Work instruction: Your task is to copy the lines of the data below from the line holding "Melanbrand Skin Premium" through the line holding "Connecting a VCRTo", inclusive, exactly and with nothing added.

===============

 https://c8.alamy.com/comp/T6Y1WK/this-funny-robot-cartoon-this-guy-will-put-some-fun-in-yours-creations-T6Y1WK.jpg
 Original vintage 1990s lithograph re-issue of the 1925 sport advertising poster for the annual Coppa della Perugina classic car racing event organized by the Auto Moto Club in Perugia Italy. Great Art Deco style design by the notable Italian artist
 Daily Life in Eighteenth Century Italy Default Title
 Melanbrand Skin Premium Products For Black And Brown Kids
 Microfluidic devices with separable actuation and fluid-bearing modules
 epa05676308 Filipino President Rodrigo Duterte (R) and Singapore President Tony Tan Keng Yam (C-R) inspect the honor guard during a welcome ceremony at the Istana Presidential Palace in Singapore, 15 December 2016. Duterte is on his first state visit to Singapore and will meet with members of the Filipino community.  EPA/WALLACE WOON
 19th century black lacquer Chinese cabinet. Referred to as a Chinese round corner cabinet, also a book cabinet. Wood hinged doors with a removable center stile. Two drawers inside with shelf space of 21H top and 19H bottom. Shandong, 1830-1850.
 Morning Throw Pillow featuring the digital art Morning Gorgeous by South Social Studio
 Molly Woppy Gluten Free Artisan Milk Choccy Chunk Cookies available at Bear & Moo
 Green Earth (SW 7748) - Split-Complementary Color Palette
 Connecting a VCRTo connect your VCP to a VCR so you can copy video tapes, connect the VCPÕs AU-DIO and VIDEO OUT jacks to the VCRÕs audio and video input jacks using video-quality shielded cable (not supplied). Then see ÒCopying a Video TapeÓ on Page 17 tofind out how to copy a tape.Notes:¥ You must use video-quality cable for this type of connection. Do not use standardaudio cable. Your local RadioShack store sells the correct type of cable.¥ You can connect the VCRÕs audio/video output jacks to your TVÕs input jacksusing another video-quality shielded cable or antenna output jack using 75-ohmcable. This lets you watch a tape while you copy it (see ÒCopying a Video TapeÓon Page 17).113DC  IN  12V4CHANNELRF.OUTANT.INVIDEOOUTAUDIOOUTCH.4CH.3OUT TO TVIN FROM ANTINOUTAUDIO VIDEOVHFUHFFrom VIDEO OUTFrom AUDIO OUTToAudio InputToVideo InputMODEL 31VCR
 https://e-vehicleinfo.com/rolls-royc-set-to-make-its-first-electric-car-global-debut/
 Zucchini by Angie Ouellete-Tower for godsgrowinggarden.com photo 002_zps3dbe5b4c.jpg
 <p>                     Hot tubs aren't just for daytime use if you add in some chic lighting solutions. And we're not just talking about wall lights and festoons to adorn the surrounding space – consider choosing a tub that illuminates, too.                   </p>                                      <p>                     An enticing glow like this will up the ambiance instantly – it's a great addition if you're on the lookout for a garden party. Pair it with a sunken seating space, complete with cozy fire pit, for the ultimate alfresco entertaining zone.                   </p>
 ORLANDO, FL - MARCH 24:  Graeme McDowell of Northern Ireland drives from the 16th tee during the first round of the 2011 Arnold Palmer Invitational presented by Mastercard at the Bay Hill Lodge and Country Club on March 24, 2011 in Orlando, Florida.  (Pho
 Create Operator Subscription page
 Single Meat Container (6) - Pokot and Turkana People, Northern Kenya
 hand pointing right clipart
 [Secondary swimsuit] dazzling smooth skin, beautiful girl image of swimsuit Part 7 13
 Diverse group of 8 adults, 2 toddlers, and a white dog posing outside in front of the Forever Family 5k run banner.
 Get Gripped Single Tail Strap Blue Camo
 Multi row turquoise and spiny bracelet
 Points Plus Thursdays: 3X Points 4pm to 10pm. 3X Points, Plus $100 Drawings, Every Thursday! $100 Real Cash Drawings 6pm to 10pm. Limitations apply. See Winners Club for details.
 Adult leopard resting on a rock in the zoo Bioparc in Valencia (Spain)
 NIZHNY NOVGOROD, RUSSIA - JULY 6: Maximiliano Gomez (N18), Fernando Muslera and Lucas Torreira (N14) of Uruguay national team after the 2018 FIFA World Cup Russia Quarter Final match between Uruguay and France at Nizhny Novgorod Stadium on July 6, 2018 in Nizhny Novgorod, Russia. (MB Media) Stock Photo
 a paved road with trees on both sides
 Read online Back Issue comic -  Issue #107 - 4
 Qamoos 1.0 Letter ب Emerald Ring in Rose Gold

===============

Answer box:
 Melanbrand Skin Premium Products For Black And Brown Kids
 Microfluidic devices with separable actuation and fluid-bearing modules
 epa05676308 Filipino President Rodrigo Duterte (R) and Singapore President Tony Tan Keng Yam (C-R) inspect the honor guard during a welcome ceremony at the Istana Presidential Palace in Singapore, 15 December 2016. Duterte is on his first state visit to Singapore and will meet with members of the Filipino community.  EPA/WALLACE WOON
 19th century black lacquer Chinese cabinet. Referred to as a Chinese round corner cabinet, also a book cabinet. Wood hinged doors with a removable center stile. Two drawers inside with shelf space of 21H top and 19H bottom. Shandong, 1830-1850.
 Morning Throw Pillow featuring the digital art Morning Gorgeous by South Social Studio
 Molly Woppy Gluten Free Artisan Milk Choccy Chunk Cookies available at Bear & Moo
 Green Earth (SW 7748) - Split-Complementary Color Palette
 Connecting a VCRTo connect your VCP to a VCR so you can copy video tapes, connect the VCPÕs AU-DIO and VIDEO OUT jacks to the VCRÕs audio and video input jacks using video-quality shielded cable (not supplied). Then see ÒCopying a Video TapeÓ on Page 17 tofind out how to copy a tape.Notes:¥ You must use video-quality cable for this type of connection. Do not use standardaudio cable. Your local RadioShack store sells the correct type of cable.¥ You can connect the VCRÕs audio/video output jacks to your TVÕs input jacksusing another video-quality shielded cable or antenna output jack using 75-ohmcable. This lets you watch a tape while you copy it (see ÒCopying a Video TapeÓon Page 17).113DC  IN  12V4CHANNELRF.OUTANT.INVIDEOOUTAUDIOOUTCH.4CH.3OUT TO TVIN FROM ANTINOUTAUDIO VIDEOVHFUHFFrom VIDEO OUTFrom AUDIO OUTToAudio InputToVideo InputMODEL 31VCR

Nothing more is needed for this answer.